Diplomacy with Other Players

I've been curious about this for a while.

As you know, in Galactic Civilizations 3, each player has a certain skill in diplomacy that, along with a bunch of other factors, determine how much the AI players think of him (or her, let's assume he's male for now). This skill can be modified by various planetary improvements and the Likable/Unlikable race attribute. What I would like to know, is what effect does this skill/rating have on other human players.

As far as I can tell (through playing the game and through researching this online), this "skill" only effects how AI players think of you. This would be a bit disappointing because it would make races like the Krynn and the Thalians, who are Unlikable, to have an advantage against human players because that Unlikable trait wouldn't be a penalty at all. Conversely, the Terrans would have a disadvantage against human players because their Likable trait would do nothing. I really hope I'm missing something and that one (or more) of you will let me know.

 

Thanks in advance :)

19,466 views 4 replies
Reply #1 Top

You would be incorrect. Diplomacy is a value that exists BETWEEN players, not a value a player has (think gravity - the earth has no gravity, but gravitational force exists between you and the earth). The originator of the proposal makes no difference. If you have great diplomacy advantage over an AI civ, they are going to offer you better terms in proportion - not just accept better terms that you propose.

Reply #2 Top

In many hours of MP play, I have seen no sign of anything that is affected by the relative diplomacy scores between two players.  I can try bringing up my scores during my next session, but I don't expect my opponent to know, really.  ;)  

Using an unlikeable race can be a good strategy in MP unless you are in a crowded map with lots of AI acting as a buffer between the two of you.  In my case, it is obvious I am unlikeable because they very often declare war on me first, multiple factions at a time.  Therefore, it does have an indirect effect but nothing that affects human to human diplomacy. At least, it doesn't affect what you can trade or what values you place on those trades. My diplomacy attitudes are unpredictable enough as it is, I don't need some arbitrary game setting reaching out and making me act erratically. I can do that all by myself.

Reply #3 Top

Human vs Human will have no effect on Diplomacy modifiers that effect Trading they are set in the GalCiv3AIDefs.xml which effects only the AI. As to the rest of Diplomacy its is kinda mute Human vs Human, sicne they actualy have brains and can think for themselves :). And since tradign is uneffected the player can chose what and what not to do regarding other players in Diplomacy. You can have a -50 modifier vs another player but, still trade or not deiced to declare war, due to you using your brains to make the desicion, the Ai need the modifiers to tell it what it "should" do regardigng diplomacy.

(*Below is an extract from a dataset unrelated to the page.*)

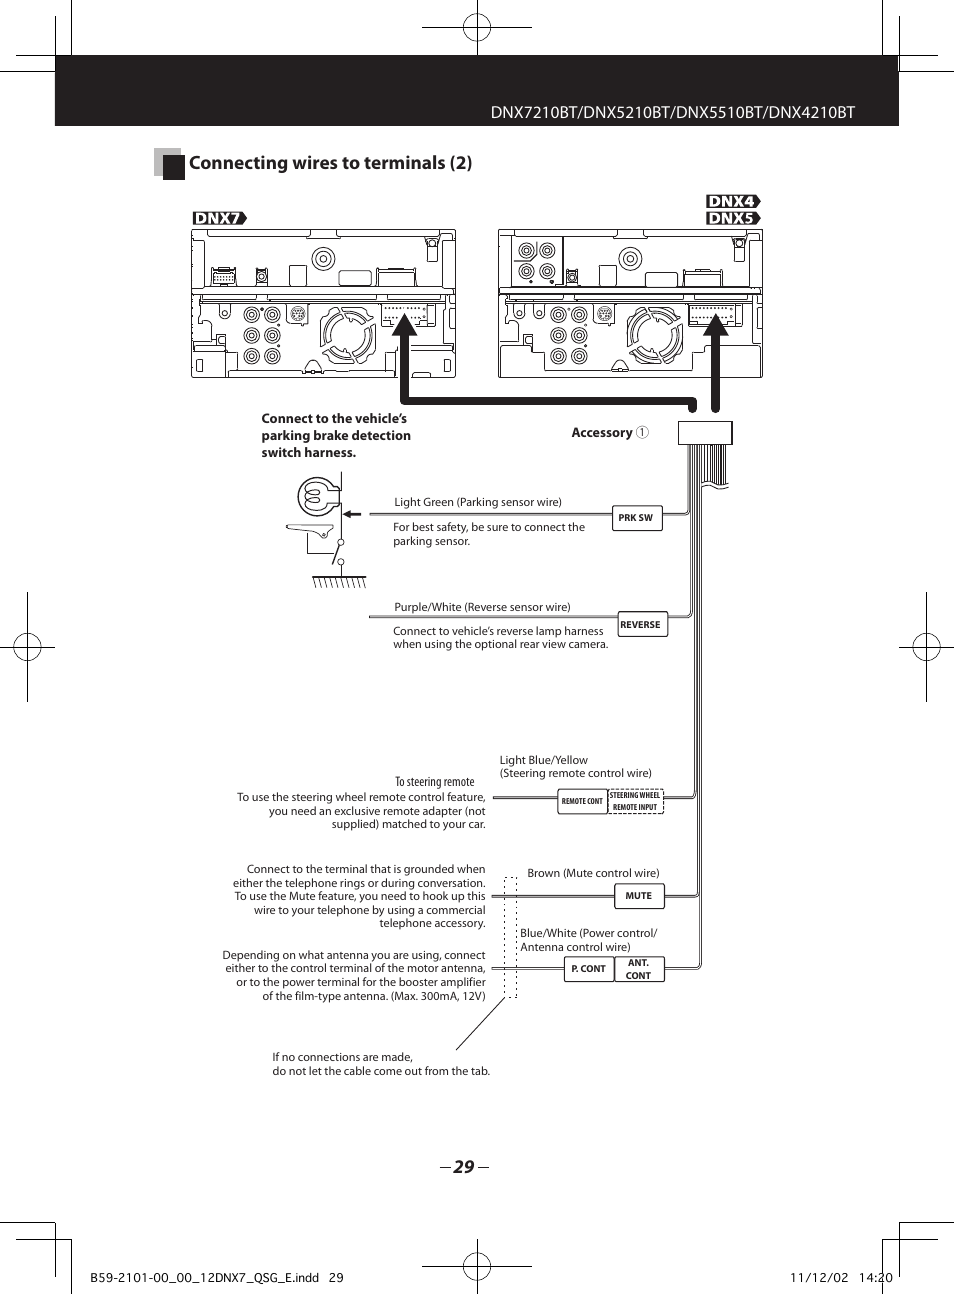 Connecting wires to terminals (2) | Kenwood DNX5210BT User Manual | Page 29  / 36

Its an AI Stat, its as simple as that.

 

Reply #4 Top

I've read all the replies so far. it seems diplomacy really does only AI players and not other human players. That's unfortunate. It is, however, a bit of a relief to see that it can have an indirect effect in multiplayer when there are also AI players as erischild mentioned. I'm not sure how often AI players exist in multiplayer games because I have admittedly not done any multiplayer yet :)

Hopefully, Stardock does something about this in the Crusade expansion. Maybe they could do something like make the player's civilization get morale boosts or penalties based on how they treat other civilizations versus how the people of the former civilization think about the latter civilizations. After all, the people of a civilization don't always agree with their leader(s).